Elle a travaillé son défilé en mélangeant le style de la rue avec une touche urbaine à la couture, en utilisant des mélanges de cuir vegan et de denim. Tout en jouant avec le drapage pour obtenir une silhouette assez douce.


Undercover: Down Abbey dans le beau Paris




Underground


Des allusions aux maisons de campagne et aux bals des années 1920 ont résonné dans la dernière collection d'Undercover, la plus distinguée du designer Jun Takahashi à ce jour.

Mise en scène à l'intérieur de la cathédrale américaine, sur la chic avenue George V, la présentation était douce de la part d'un créateur révolutionnaire, et un changement de registre surprenant de la part de Jun Takahashi.

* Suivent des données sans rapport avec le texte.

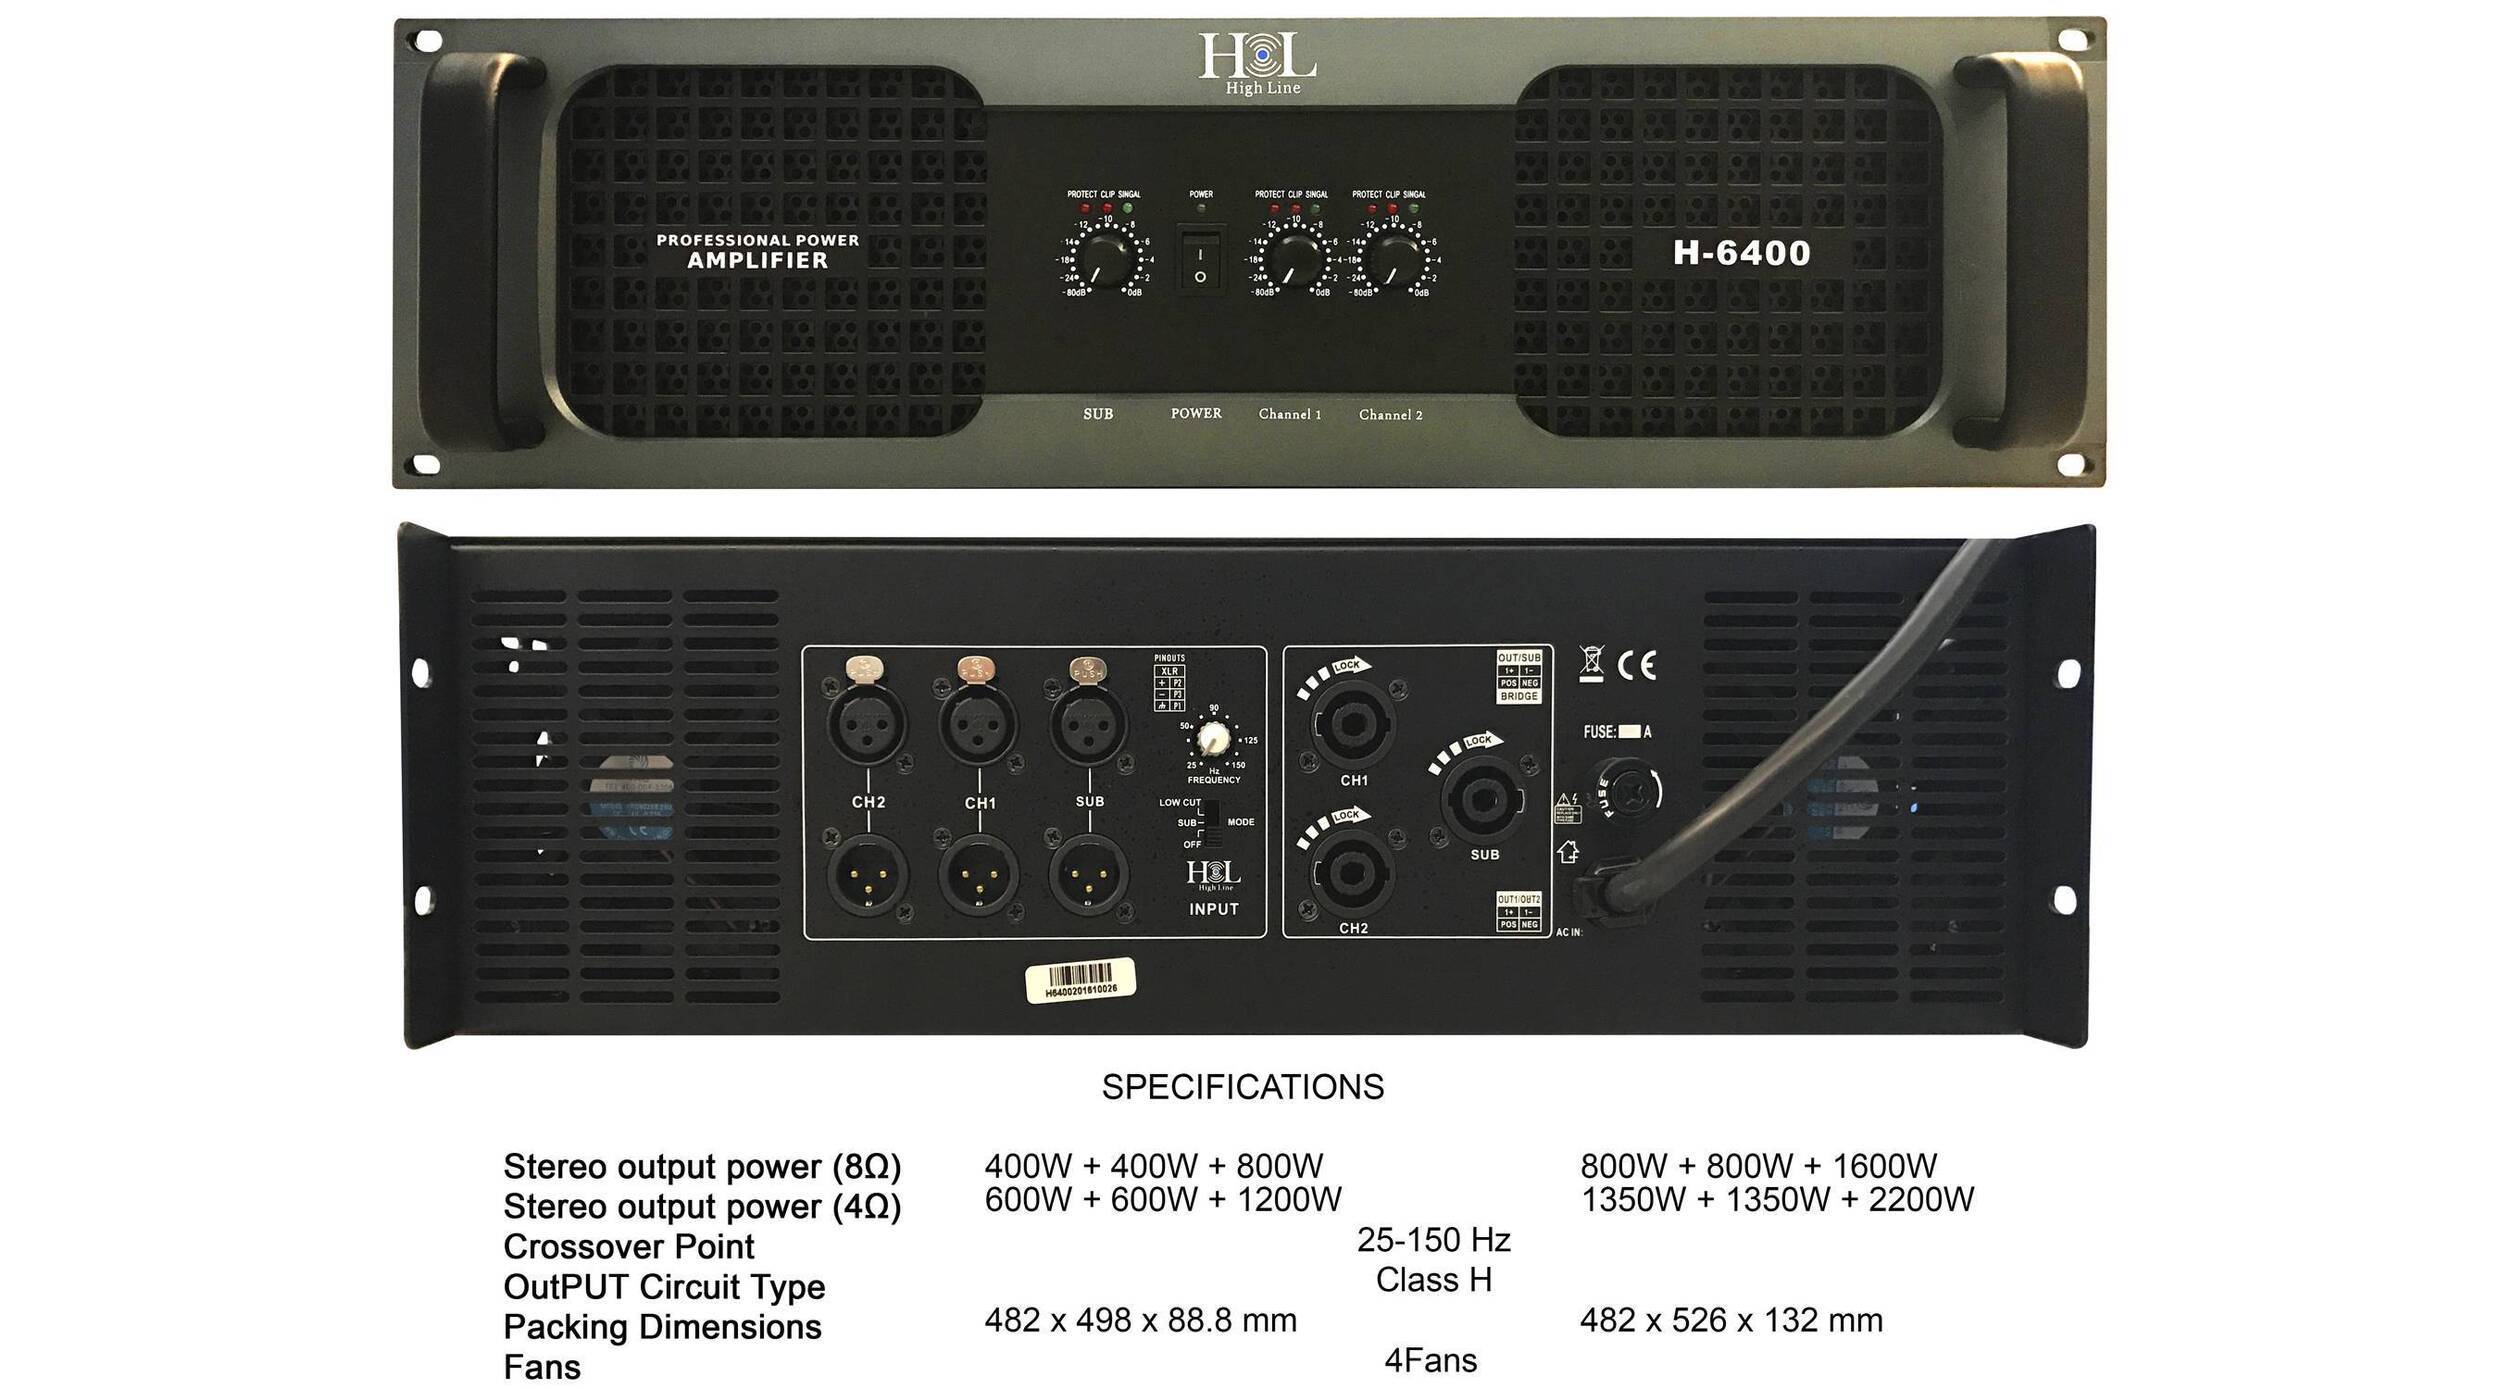 H-6400,  AMPLIFICADOR DE 3 CANALES DE 6400 WATTS HIGH LINE
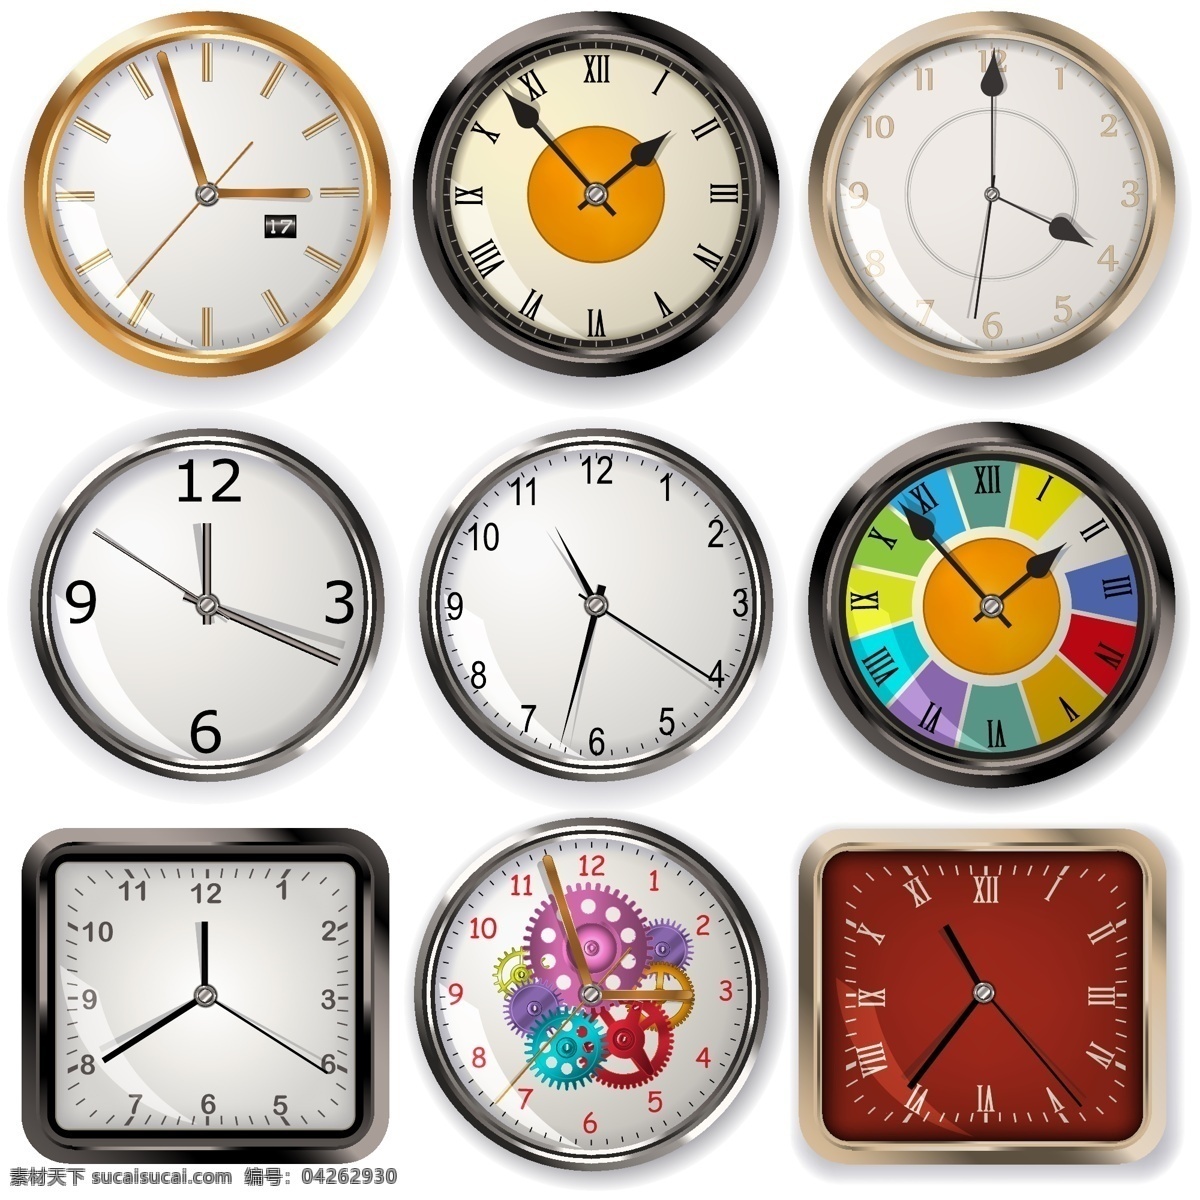 矢量时钟 矢量钟表 国际时间 北京时间 钟表 钟表图案

Des chemises de smoking avec des clous de perles portées sur des pantalons safari à plis multiples, ou un gilet de gentleman terminé par une seule épaule. Bien qu'il s'agisse d'Undercover, l'image essentielle était le tailleur déconstruit. Ainsi, les costumes pantalon citron ou gris pâle magnifiquement coupés étaient entaillés une demi-douzaine de fois, et les trous étaient garnis de gaze.

La cabine était coiffée avec des chignons mystérieusement précédés de deux petites cornes de cheveux raides. Tandis que de nombreux modèles étaient maquillés avec de fausses larmes, comme si un prétendant les avait jetées pour une jeune fille d'une meilleure famille lors d'un bal de chasse. Mélodrame dans la nef.

Avant que l'ensemble ne passe à la vitesse supérieure avec quatre robes de bal bouffantes, en mousseline de soie rouge dense, en soie métallique bleu citron ou bleu vif, ou, pour le look final, en beige déchiré avec des jonquilles en tissu attachées.

Ce n'est peut-être pas la plus grande collection de Jun Takahashi, mais elle n'en est pas moins élégante.